Re: [LSF/MM/BPF TOPIC] Non-lru page migration in a memdesc world

Matthew Wilcox <willy@xxxxxxxxxxxxx> · Tue, 7 Jan 2025 16:49:45 +0000

On Tue, Jan 07, 2025 at 05:11:02PM +0100, David Hildenbrand wrote:
> one item on my todo list is making PageOffline pages to stop using "struct
> page" members except page->type and 1/2 flags, to prepare them for the
> memdesc future, to avoid unnecessary atomics, and to resolve some (so-far)
> theoretical issues with temporary speculative references.

Well, thank goodness someone's working on this!  Because I'm stumped.

> For that, we use the "non-lru page migration" framework and in that process
> we make use of ... way to many members of "struct page"/"struct folio" and
> rely on the refcount not being 0. For example, we certainly don't want to
> allocate memdescs for PageOffline pages just so some of them can be
> migrated.

I mean, let's start with how we migrate pages.

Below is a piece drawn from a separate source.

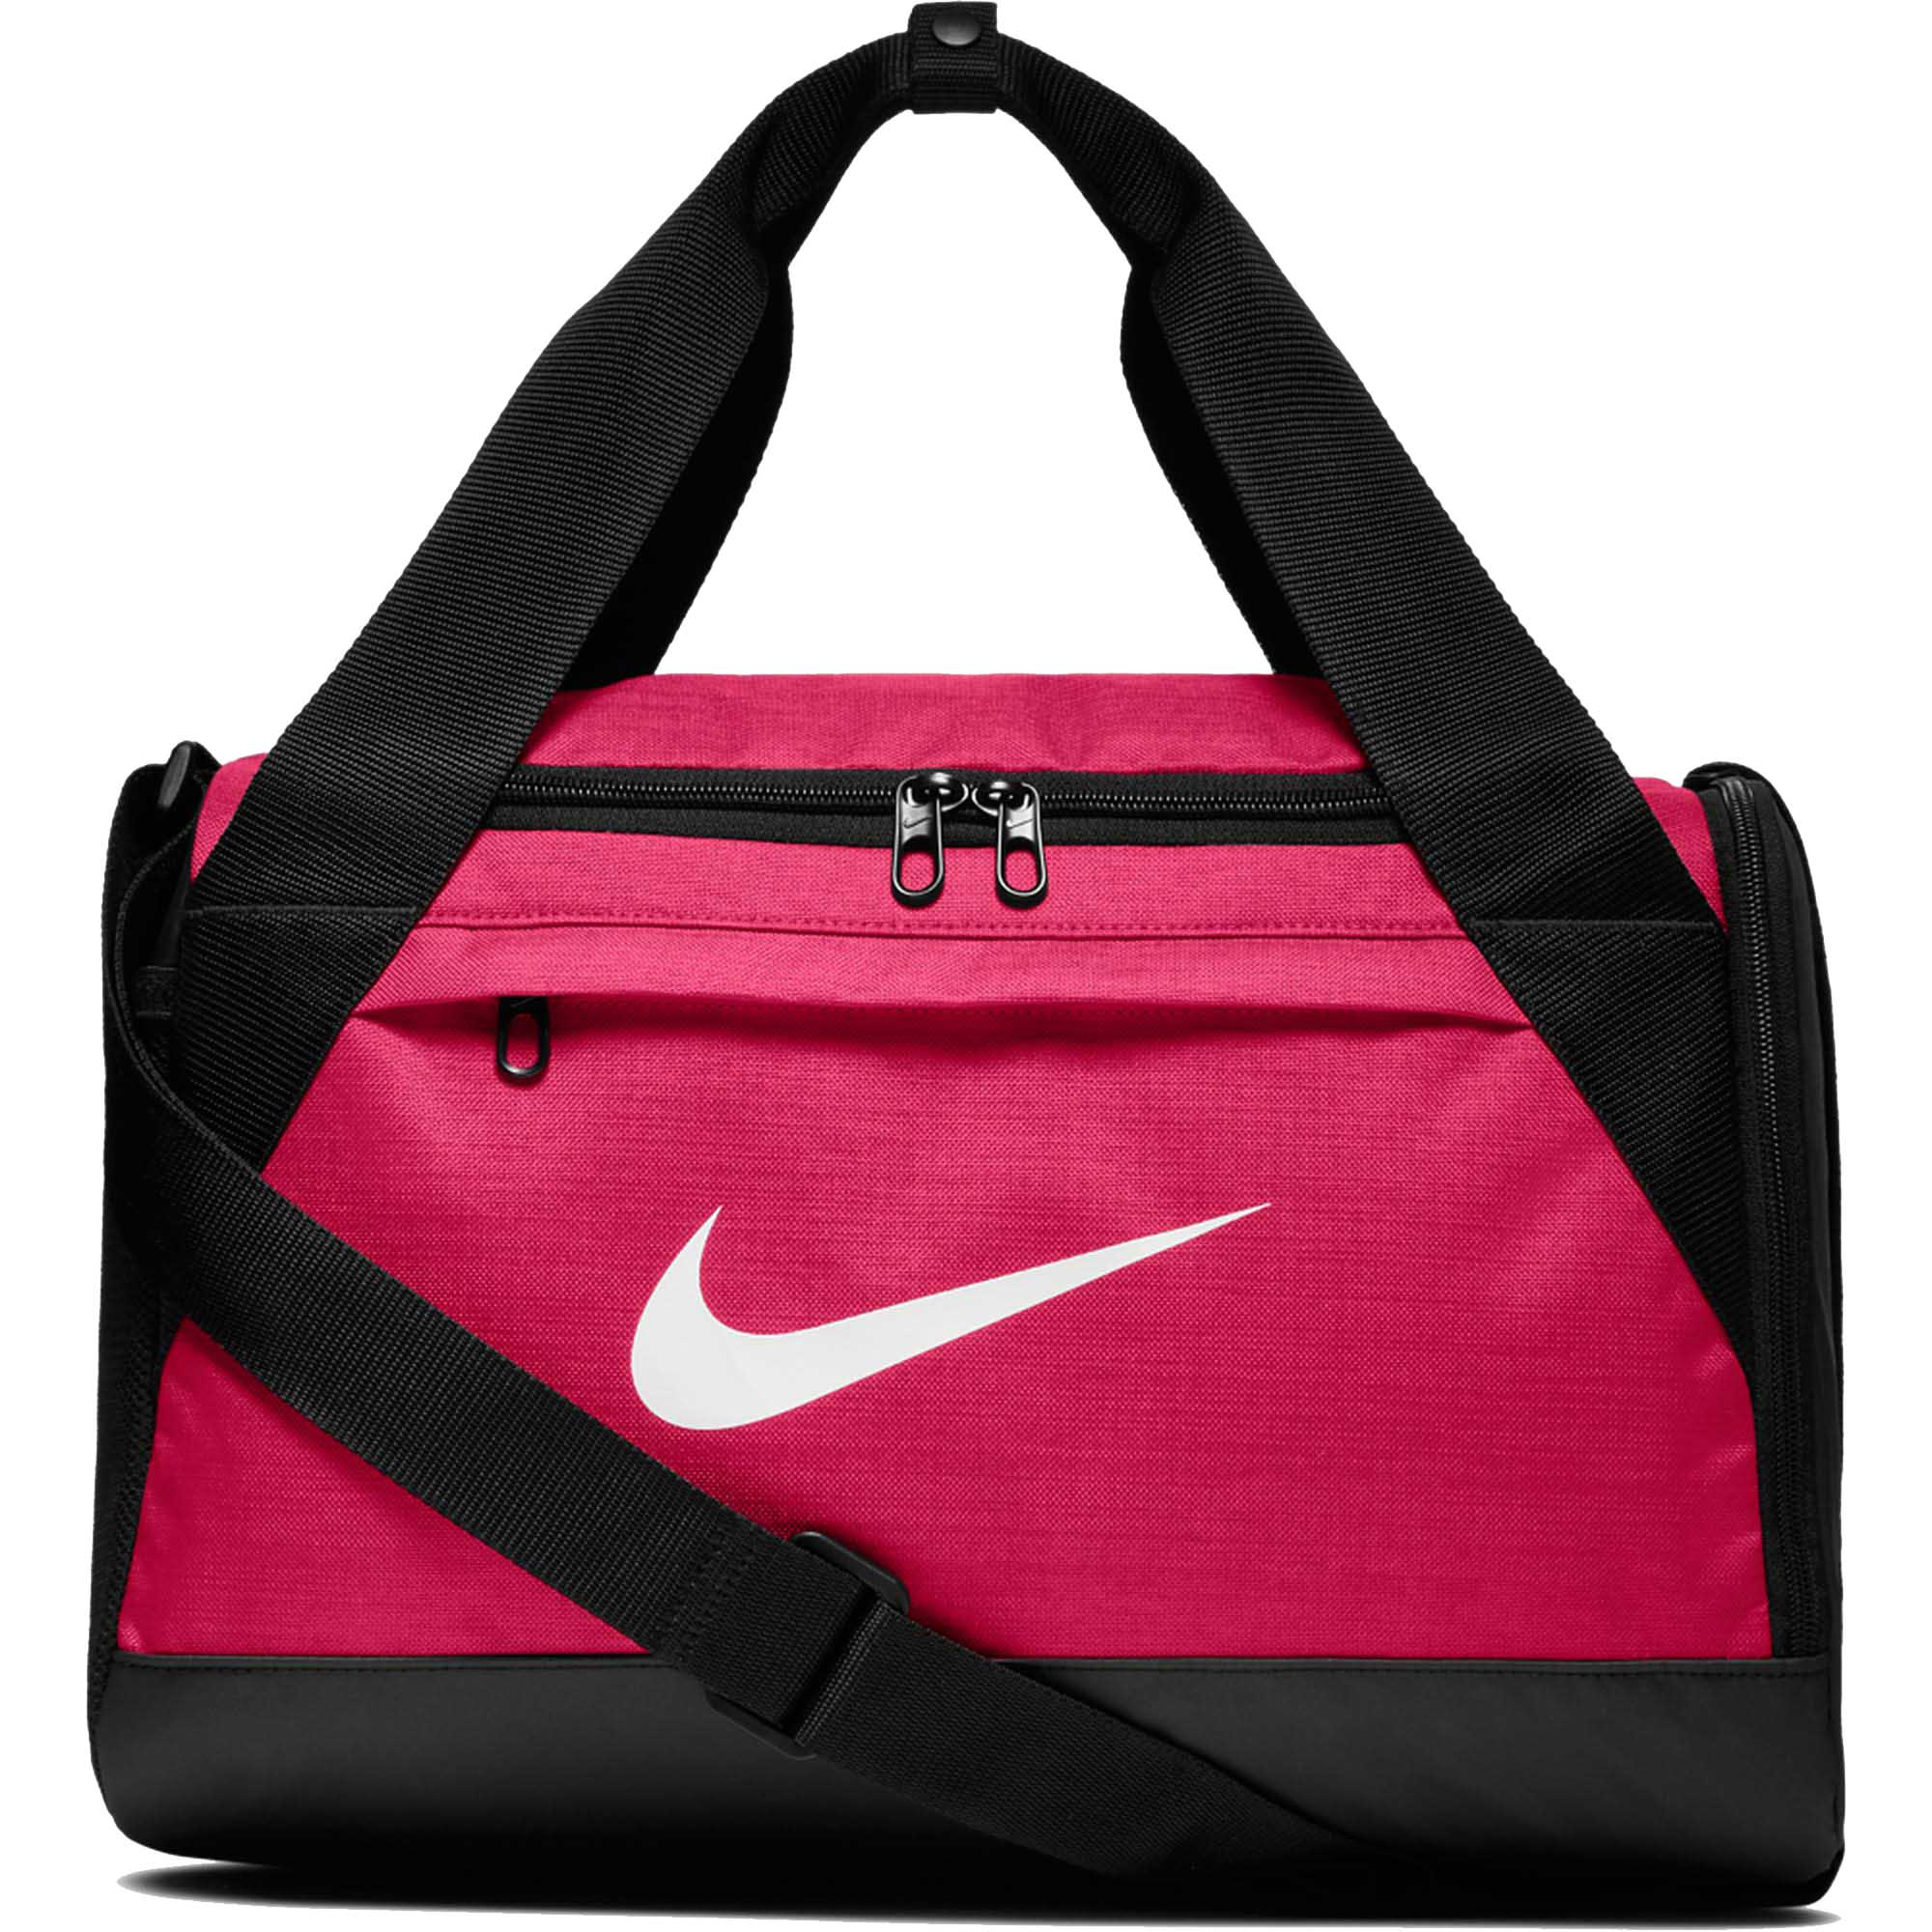 Bolsa Nike Brasilia Duffel Small 25L Rosa/Preta  - REAL ESPORTE

int migrate_pages(struct list_head *from, new_folio_t get_new_folio,
                free_folio_t put_new_folio, unsigned long private,
                enum migrate_mode mode, int reason, unsigned int *ret_succeeded)
...
        list_for_each_entry_safe(folio, folio2, from, lru) {

We identify every folio to be migrated and put them on a list.  But once
non-folio things need to be migrated, this code is wrong.

We could rename this to migrate_folios() and have a different function
for migrating non-folio memory.  But now the compaction code starts to
look distressingly complex [1].  So we need a way to pass in a list/array
of memory to be migrated that doesn't involve a list_head and magically
trying to deduce what the memory is.

I'm actually wondering about a bitmap.  Generally when we migrate memory
it's to create physical contiguity so perhaps passing in a base_pfn
and a bitmap that contains, say, PMD_ORDER bits; then it's the job of
the migration code to figure out what to do for each pfn indicated by
base_pfn and the set bits in the bitmap?

Although now I write this down, I guess NUMA migration doesn't behave
that way.  So perhaps compaction-migration and numa-migration end up
using different interfaces?  I think NUMA migration always migrates
folios, so it can keep using get_new_folio() and put_new_folio() while
the compaction-migration might need a different pair of callbacks to
allocate/free memory of many different memdesc types.

[1] OK, it is already distressingly complex.  But we're making it even
more complex.